The populations of prey animals, mainly moose and roe deer, are at present
at a high level. Damages to sheep, cattle etc. are on a very low level.
Luckily enough most of the wolves’ territories are outside areas where
reindeer-management is being conducted.

People’s attitudes towards wolves are rapidly becoming more favourable,
even if there are still a lot of myths and misunderstandings, which need
to be removed. Most of the opposition to wolves is to be found among old
people. A public opinion poll in 1997-98 showed that 46 % out of 2,000
persons questioned want to have more than 500 wolves in Sweden. 56 % were
positive to having wolves near their homes.

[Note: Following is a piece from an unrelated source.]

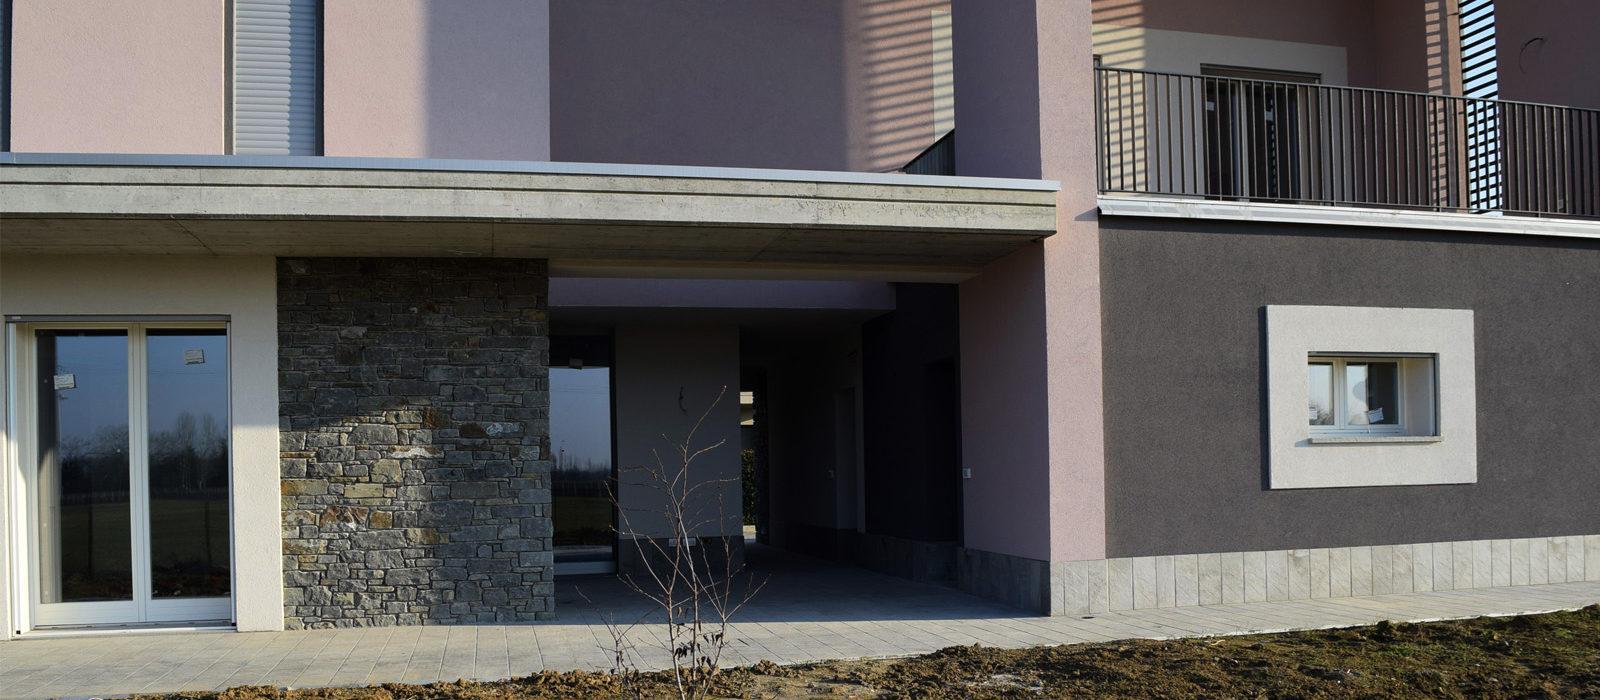 arch.giuseppe passaroA slide

Most difficult to solve is the conflict with the reindeer-herding Lapps
who, for natural reasons, find it hard to accept wolves, at least without
adequate compensation. Reindeer are kept in a semi-wild condition and left
almost completely unattended most of the year. Therefore they are often
relatively easy prey for wolves.

Many hunters are relatively positive towards wolves but very concerned
about their dogs. Hunters have had a number of dogs killed and wounded by
wolves in the last ten years. This is rapidly becoming a problem.

In all Sweden hunting is very important to many people, mainly as a source
of recreation. In the northern half of the country it is so important that
a great deal of normal industrial and business activity comes to a
standstill during the moose season in the autumn.

The future for the Swedish wolf population looks bright, apart from the
risk of inbreeding depression. All Swedish wolves may be descendants of
the pair that appeared in Värmland in 1982. Immigration from Russia via
Finland is therefore absolutely necessary.